In the past, as an impeller used in a centrifugal rotary machine such as a centrifugal compressor, there has been known a cover attachment impeller (closed impeller) including a disk attached to a rotary shaft, a cover disposed in the disk while having a gap therebetween, and plural blades connecting the disk and the cover to each other. In the impeller, a portion surrounded by a side surface of each blade and stream surfaces of the cover and the disk is formed as a passageway used to compress air. In addition, the impeller provided in the centrifugal compressor is formed by, for example, integral forming performed by casting, machining, or electric spark machining, or bonding performed by welding, brazing, or liquid phase diffusion bonding after forging and mechanical machining.

Among them, the integral forming is to integrally form the cover, the blade, and the disk by cutting a material. Incidentally, in general, the impeller provided in the centrifugal compressor includes a passageway formed in a complex shape in which the passageway is curved in the axial direction (rotary shaft direction) and the radial direction. For this reason, the integral forming is difficult.

In the bonding performed by welding, two parts, that is, an integral member obtained by integrally forming the blade with one of the cover and the disk through cutting and the other of the cover and the disk, are bonded to each other through welding. Alternatively, the blade, the cover, and the disk are bonded to each other through welding. In this case, it is necessary to insert a welding torch inside the passageway. Accordingly, when the passageway is narrow, it is difficult to insert the welding torch into the passageway. As a result, welding defects may easily occur.

Meanwhile, the bonding performed by brazing is known in, for example, JP-A-2003-328989 (hereinafter, Patent Document 1) or JP-A-H07-109997 (hereinafter, Patent Document 2). In the bonding performed by brazing, for example, upon bonding the blade attachment cover to the disk, filler metals such as foils, powders, or wires are disposed in the connection portion, and the cover and the disk are installed and heated in a furnace in a joining state so as to be bonded to each other. Even when the passageway is narrow, the bonding performed by brazing can be easily performed compared with the bonding performed by welding.

In the method of manufacturing the impeller disclosed in Patent Document 1, a plating layer is provided both in the combination of a blade and a shroud (cover) and in a hab (disk). The hab provided with a groove having an R-part in both sides thereof and the combination is bonded to each other. Alternatively, a plating layer is provided both in the combination of the blade and the hab and the shroud. The shroud provided with a groove having an R-part in both sides thereof and the combination is bonded to each other.

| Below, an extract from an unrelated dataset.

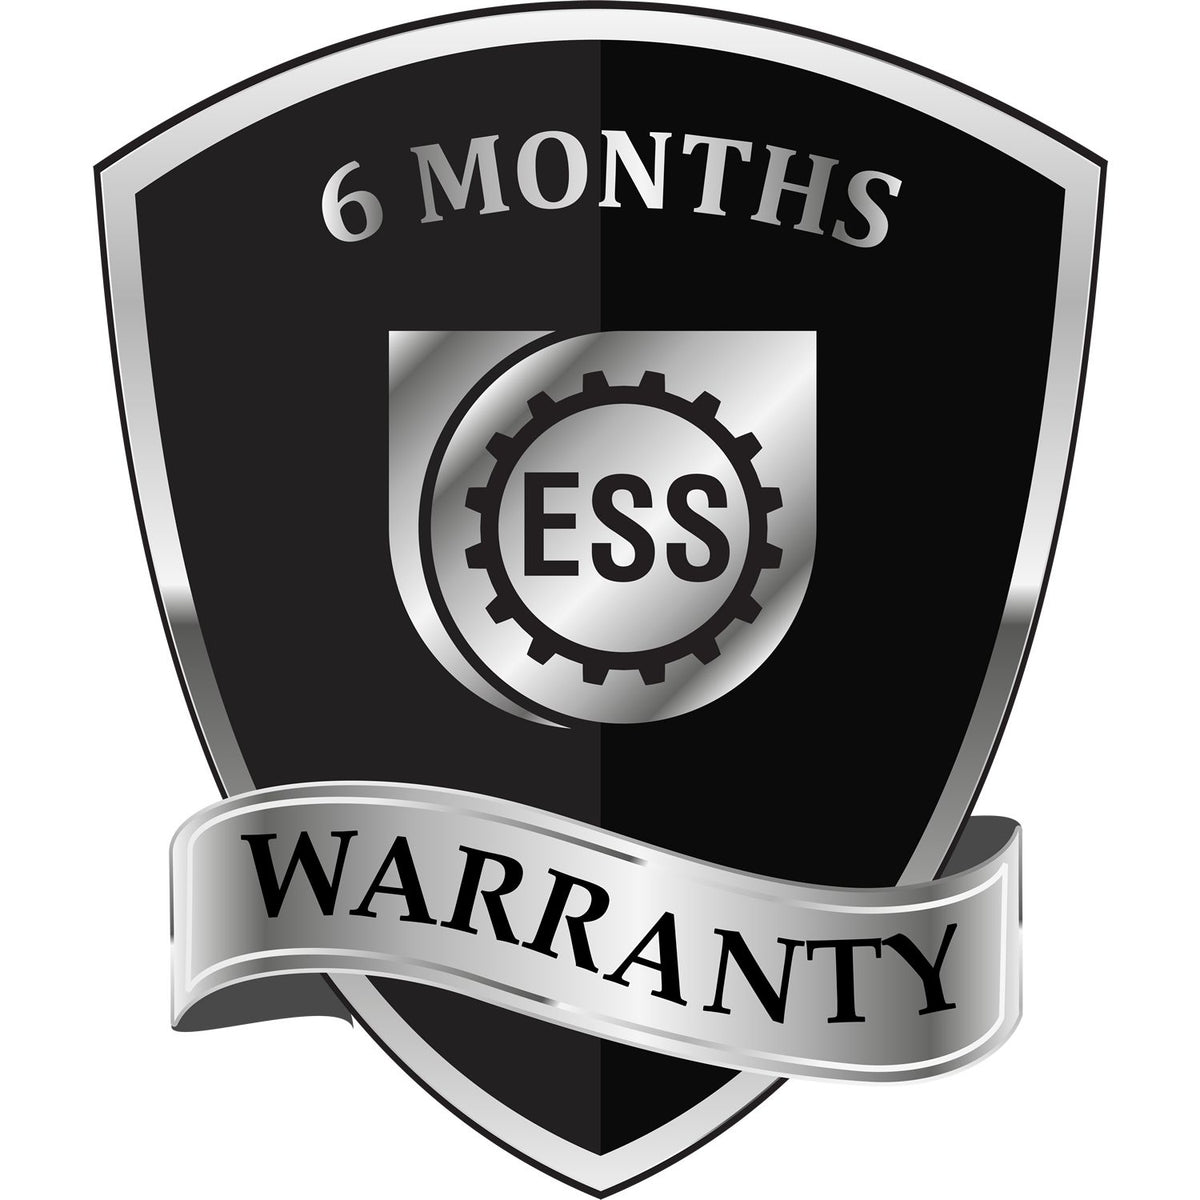 A badge or emblem showing a warranty icon for the Premium MaxLight Pre-Inked Georgia Engineering Stamp

In the method of manufacturing the impeller disclosed in Patent Document 2, a main-plate-side blade integrally formed with a hab (disk) and a shroud-side blade integrally formed with a shroud (cover) are bonded to each other through filler metal.

However, the method of manufacturing the impeller of the related art has the following problems.

In the impeller provided in the centrifugal compressor, a tensile force is generated in a direction in which the cover and the disk move away from each other due to a centrifugal force with a rotation, and a relative bending stress is generated in the rotation direction. Accordingly, a large stress concentration is generated in a bonding portion corresponding to a joint between the blade and the disk. For this reason, in the case of the bonding performed by brazing, in order to reduce the stress concentration, it is necessary to consider a solution such that the brazing portion is formed in a fillet shape. However, as described above, each passageway R is formed in a complex curve shape, and the bonding line between the blade and either the disk or the cover is formed as a complex three-dimensional curve. Accordingly, the melted filler metal may flow outside during the brazing. That is, in this case, the amount of the filler metal may be not sufficient in a part of the bonding portion, or the filler metal may be lost, which may cause bonding defects. Accordingly, it is not possible to ensure sufficient bonding strength. For this reason, in the bonding performed by brazing, liquid phase diffusion bonding, or the like, there is a demand for a method capable of reliably improving the bonding strength.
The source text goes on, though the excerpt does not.